Sözlerinin sürekli Bakan Soylu tarafından kesilmesi üzerine Paylan, Komisyon Başkanı Cevdet Yılmaz'a, "Sayın Başkan, susturur musunuz şu Bakan’ı lütfen" dedi.
"SAYIN BAŞKAN, ŞU HADSİZ BAKAN’I SUSTURUR MUSUNUZ RİCA ETSEM"
Gelecek yıl yapılacak seçimleri hatırlatan Paylan "Seçimlere doğru gidilirken hep provokasyonlar olmuştur. 2013-2015'te çözüm süreci vardı" diye konuşurken Bakan Soylu, Paylan'ın sözlerini kesmeyi sürdürdü.
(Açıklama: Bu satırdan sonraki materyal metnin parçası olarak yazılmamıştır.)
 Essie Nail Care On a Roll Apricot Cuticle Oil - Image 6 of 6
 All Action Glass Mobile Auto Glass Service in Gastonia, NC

Bunun üzerine Paylan, Komisyon Başkanı Yılmaz'a bir kez daha, "Sayın Başkan, şu hadsiz Bakan’ı susturur musunuz rica etsem... Sayın Başkan, susacak mı şu Bakan" diye konuştu.
"BU ÜLKENİN BARIŞINA EN BÜYÜK TEHDİT SİZSİNİZ"
Paylan, Soylu’ya, "Bu ülkenin barışına en büyük tehdit sizsiniz. Biz sorgulayacağız. Niye? 7 Haziran-1 Kasım sürecini hatırlayacağız. 7 Haziran'da AKP iktidardan düşmüştü" dedi. Soylu, bu sırada Paylan'ın sözünü bir kez daha kesti.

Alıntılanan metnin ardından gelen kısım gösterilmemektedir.